• [THE DATA]
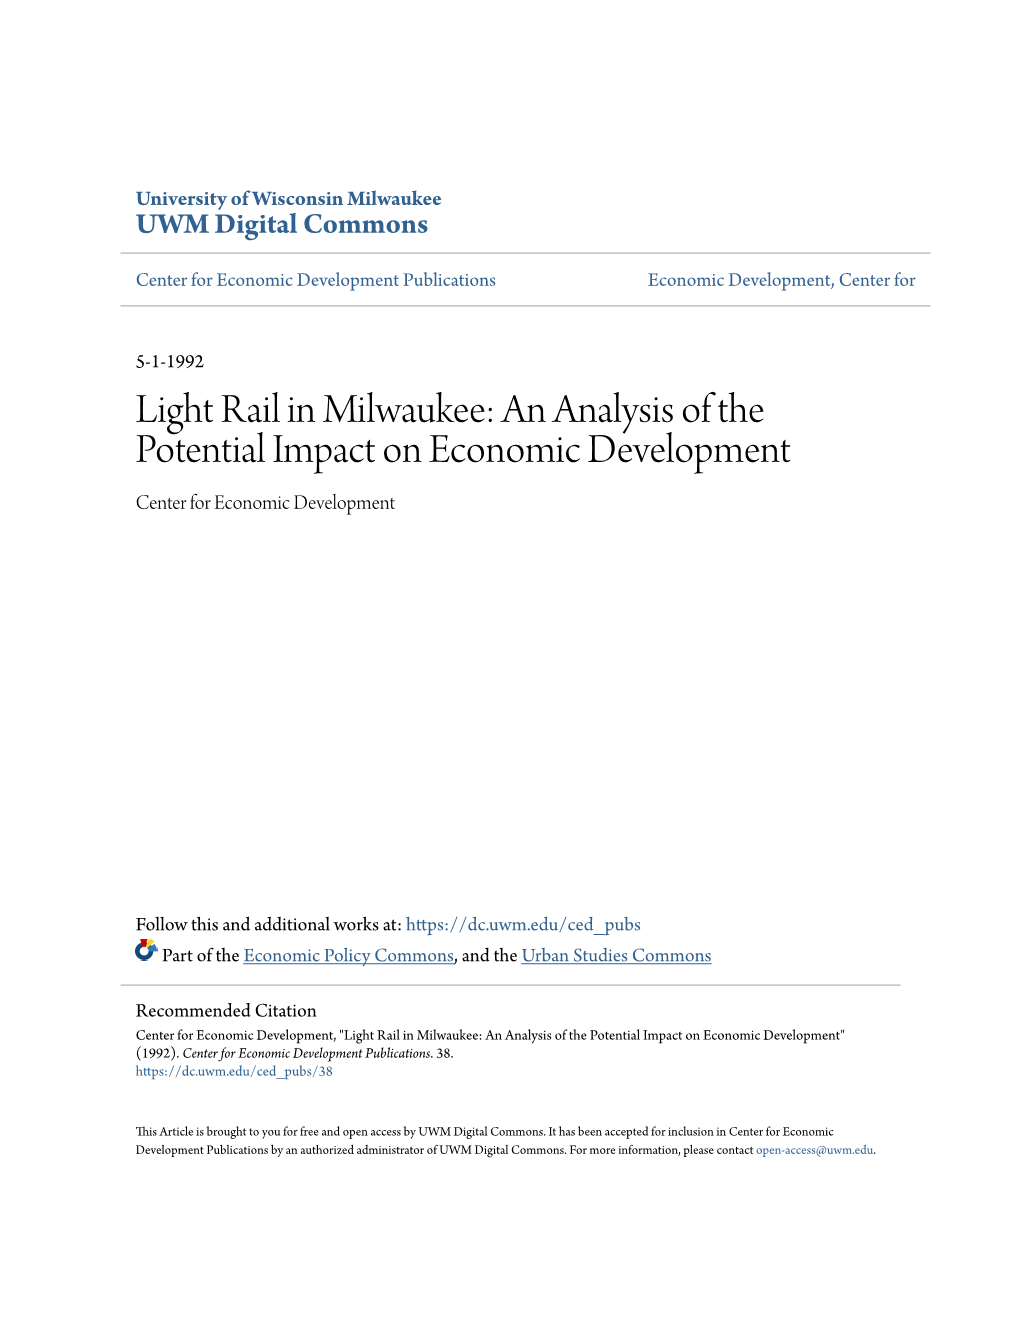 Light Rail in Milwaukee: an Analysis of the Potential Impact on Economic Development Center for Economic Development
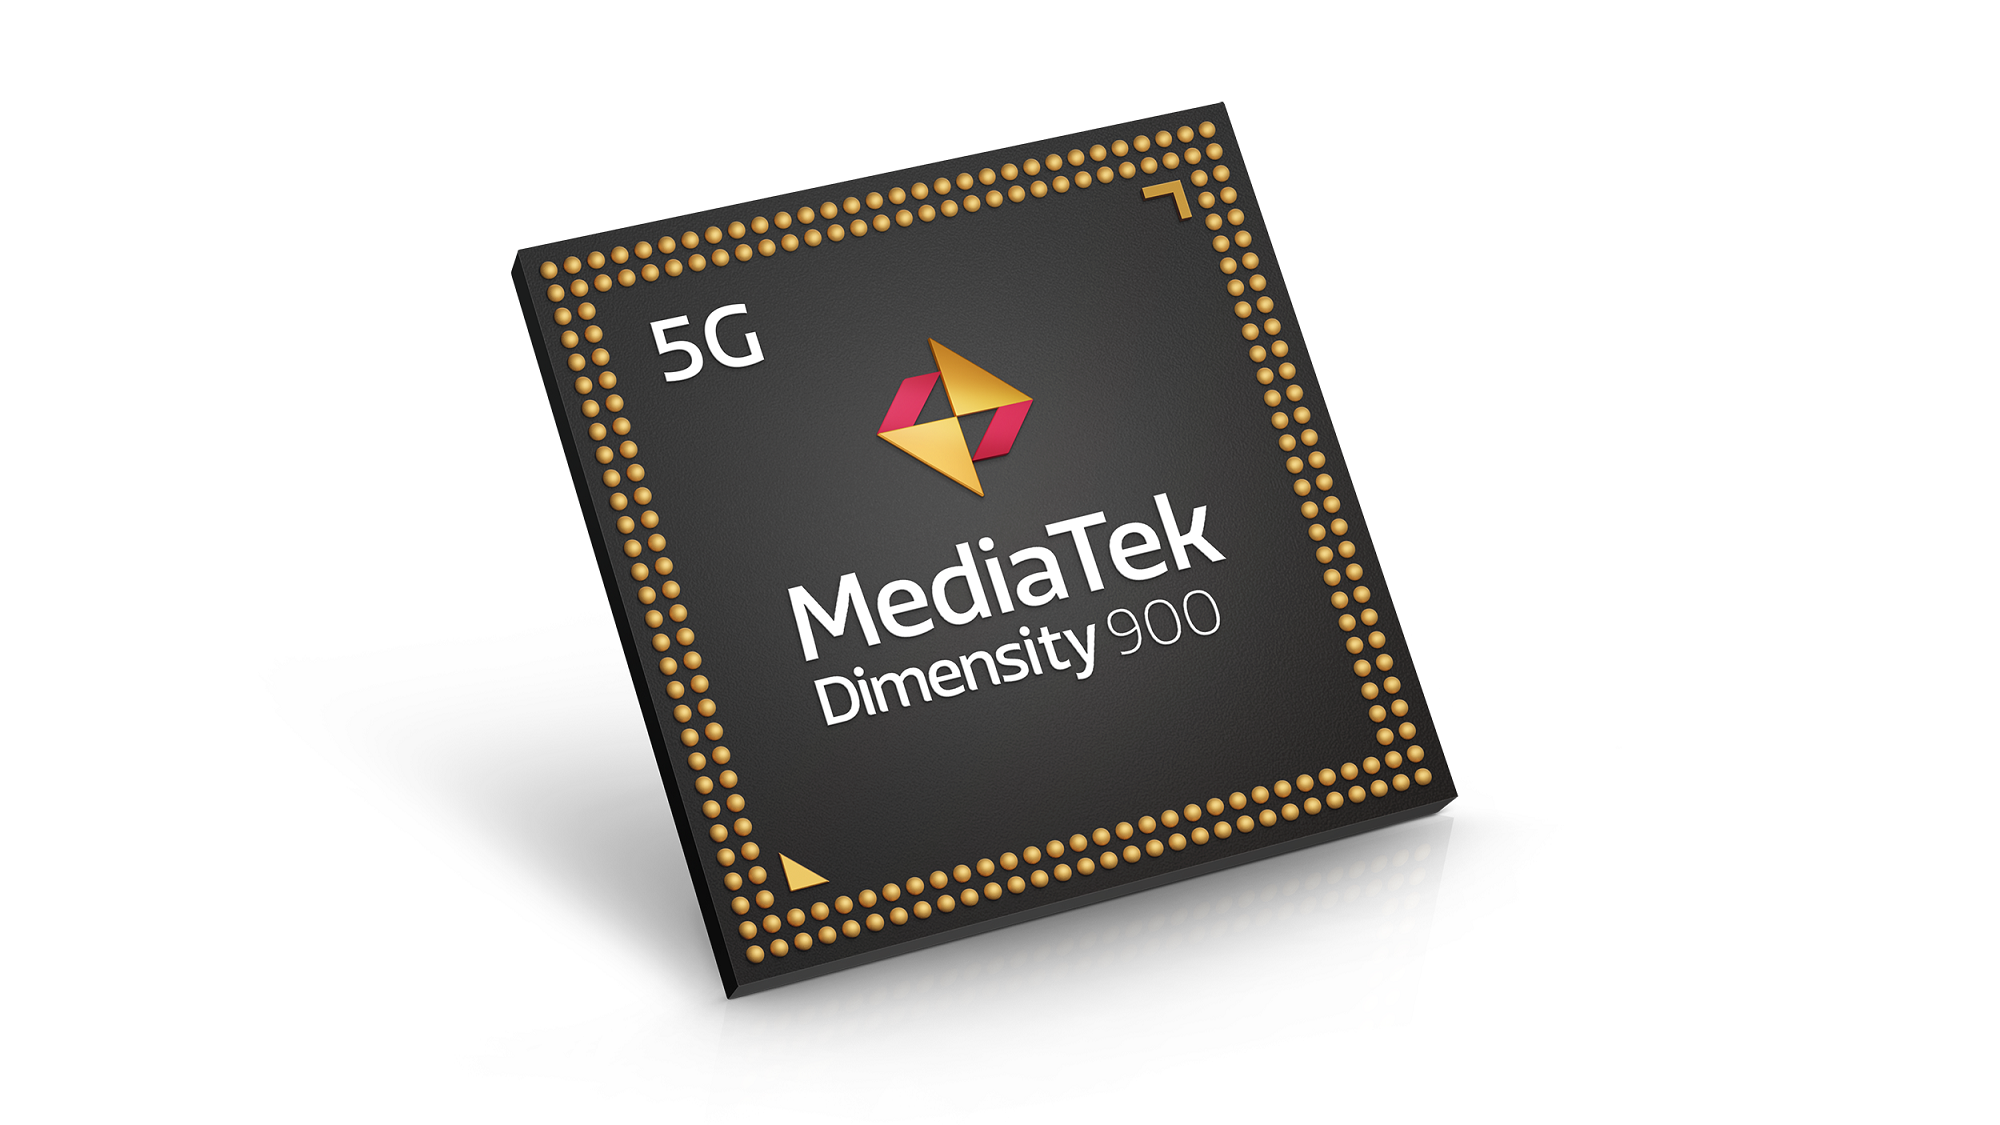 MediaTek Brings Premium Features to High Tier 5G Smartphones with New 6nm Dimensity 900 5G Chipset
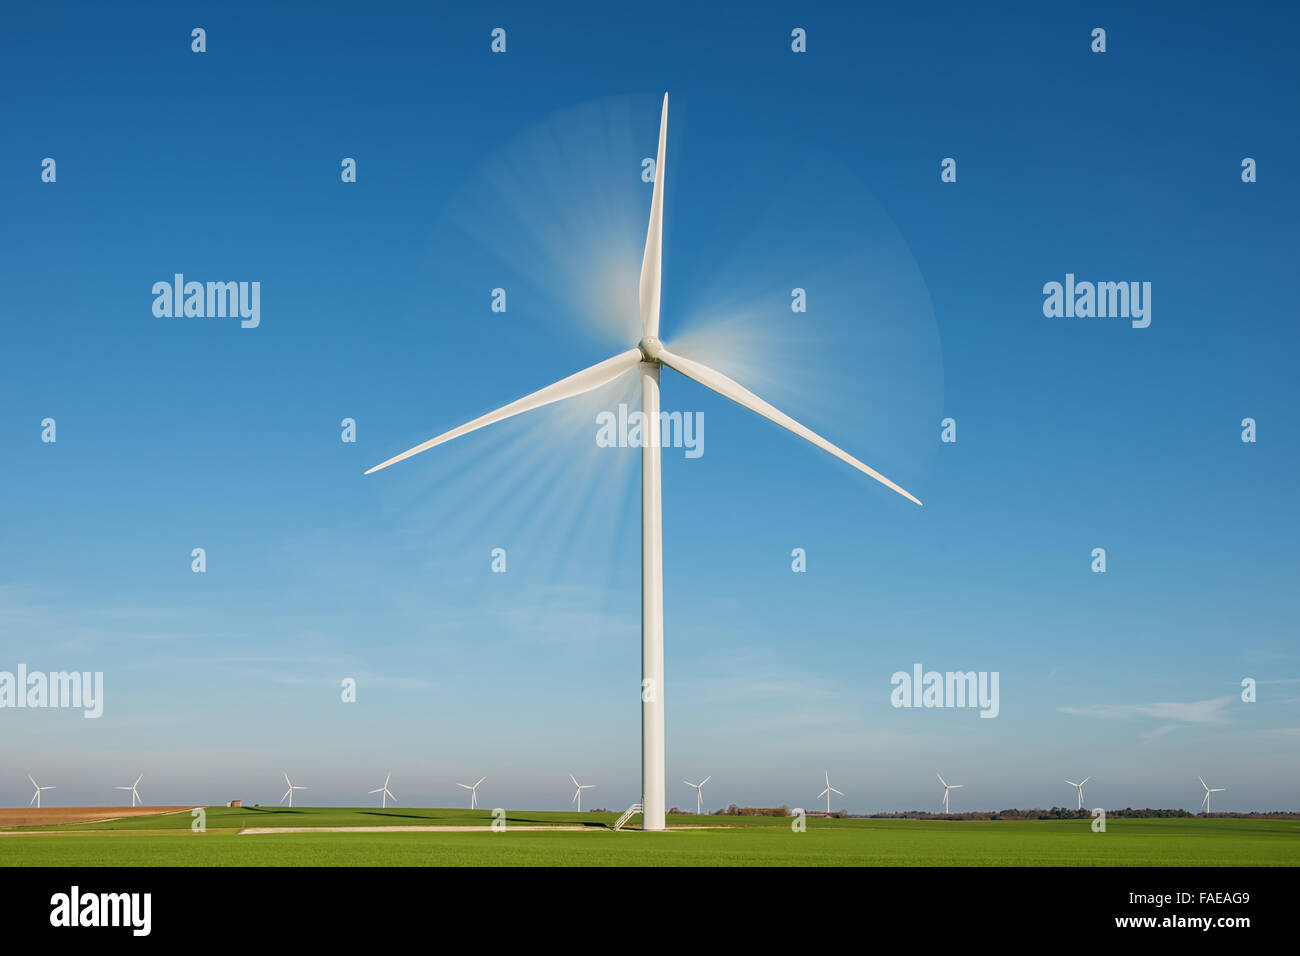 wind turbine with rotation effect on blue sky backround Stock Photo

==

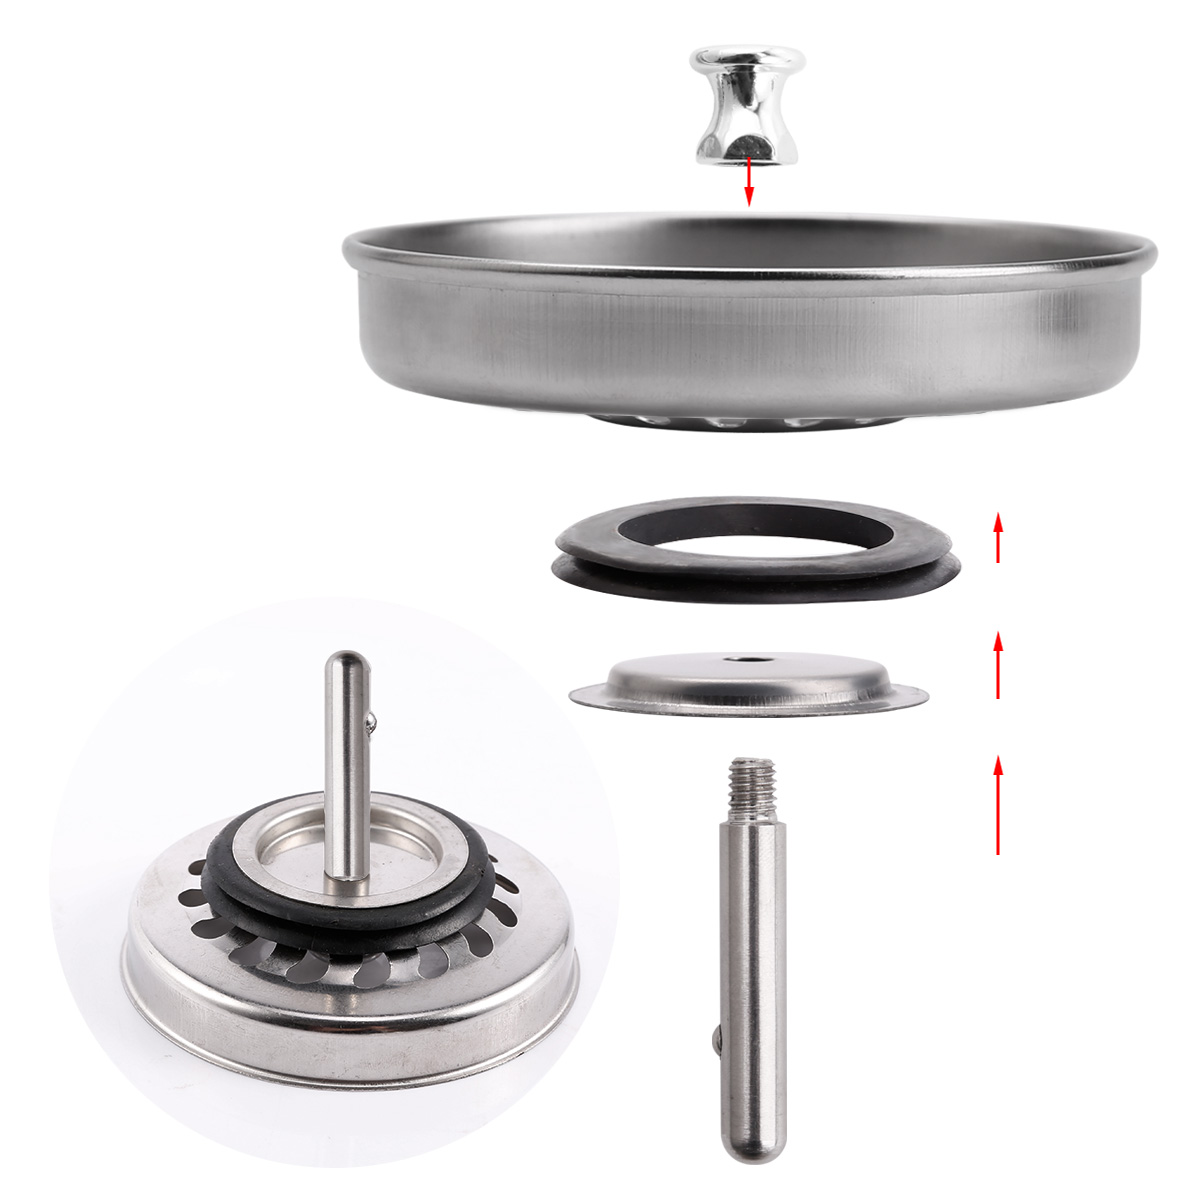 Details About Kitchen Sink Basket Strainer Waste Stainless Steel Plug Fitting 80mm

...

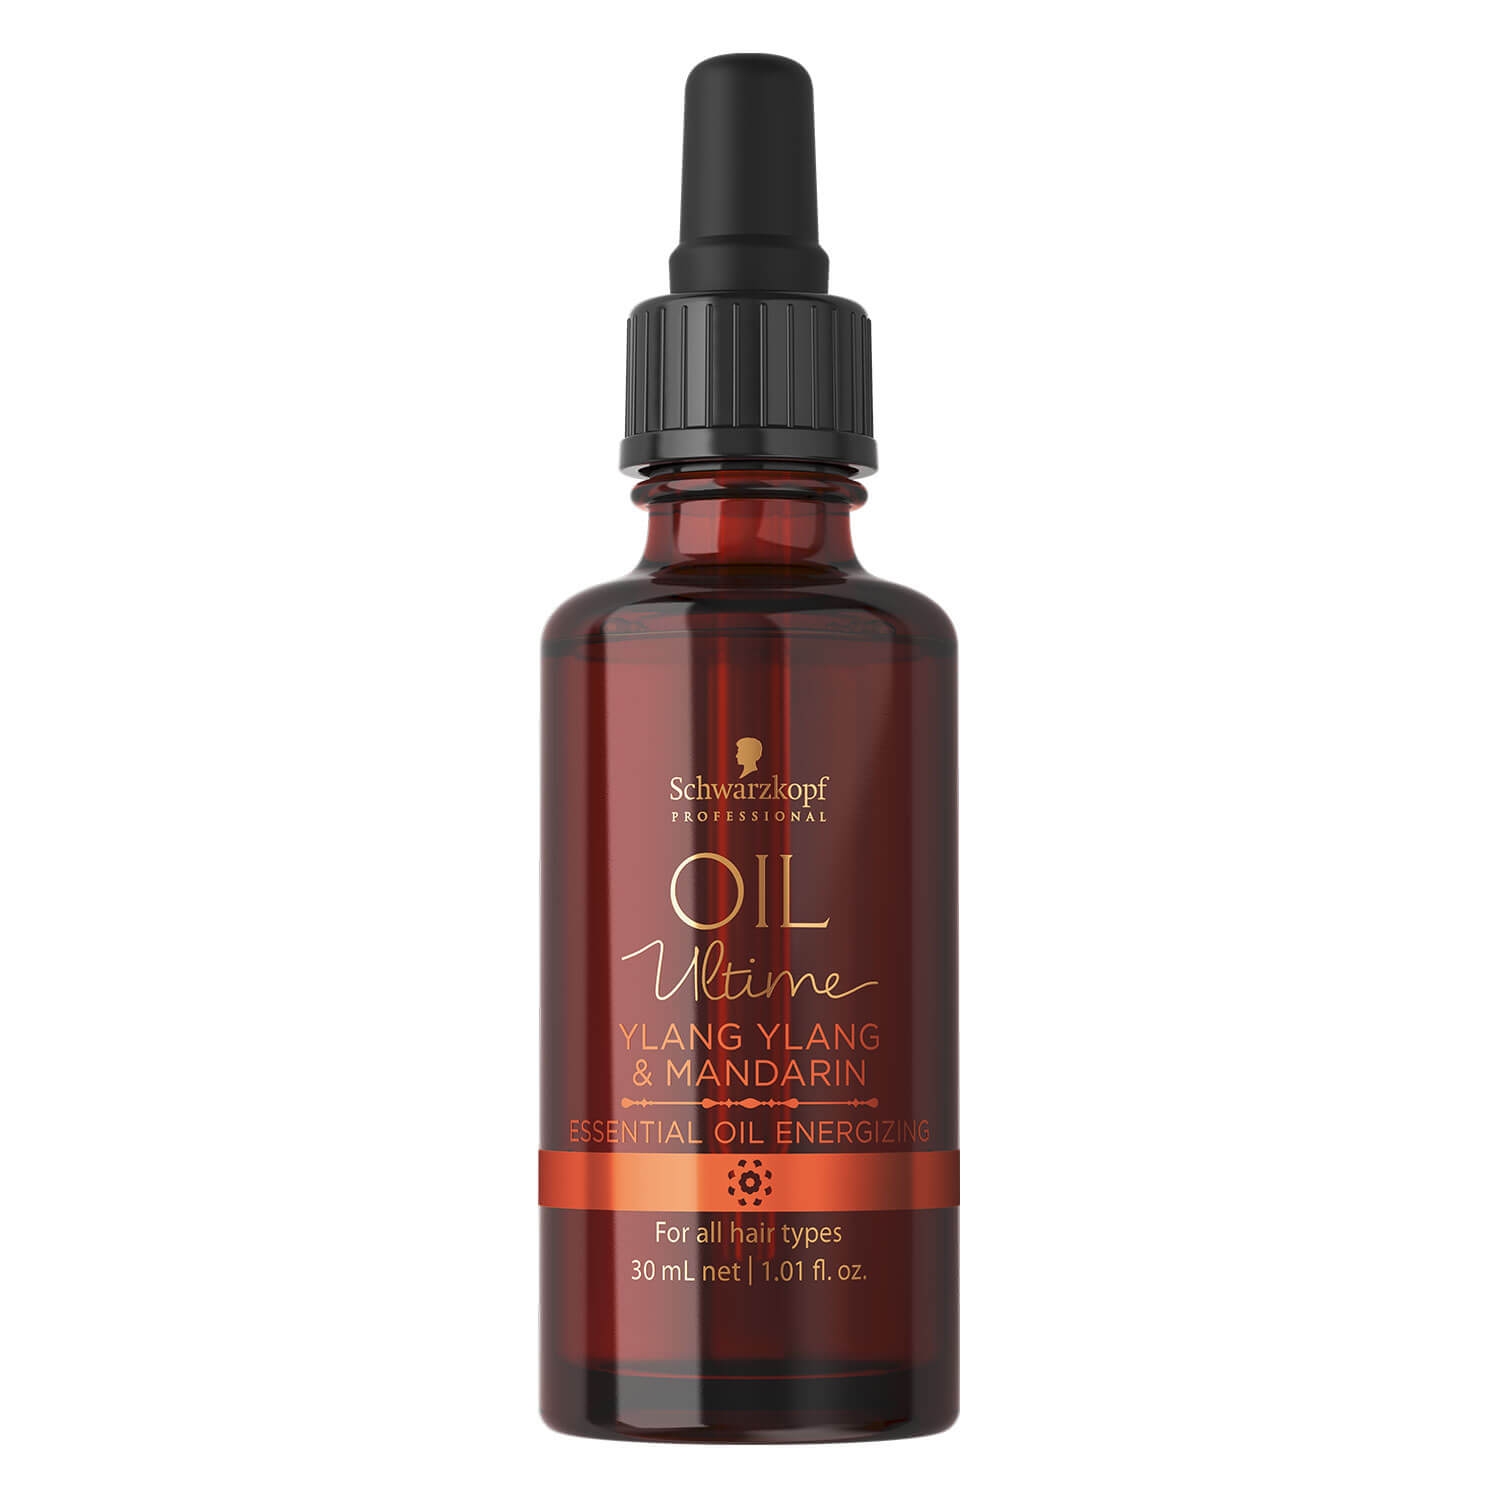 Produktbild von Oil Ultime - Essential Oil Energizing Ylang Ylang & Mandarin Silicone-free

• [PROBLEM]
Where a picture appears in the records above, omit it, and transcribe exactly the stretch of lines from the one with "MediaTek Brings Premium" through the one with "wind turbine with".

• [REPLY]
 MediaTek Brings Premium Features to High Tier 5G Smartphones with New 6nm Dimensity 900 5G Chipset
 wind turbine with rotation effect on blue sky backround Stock Photo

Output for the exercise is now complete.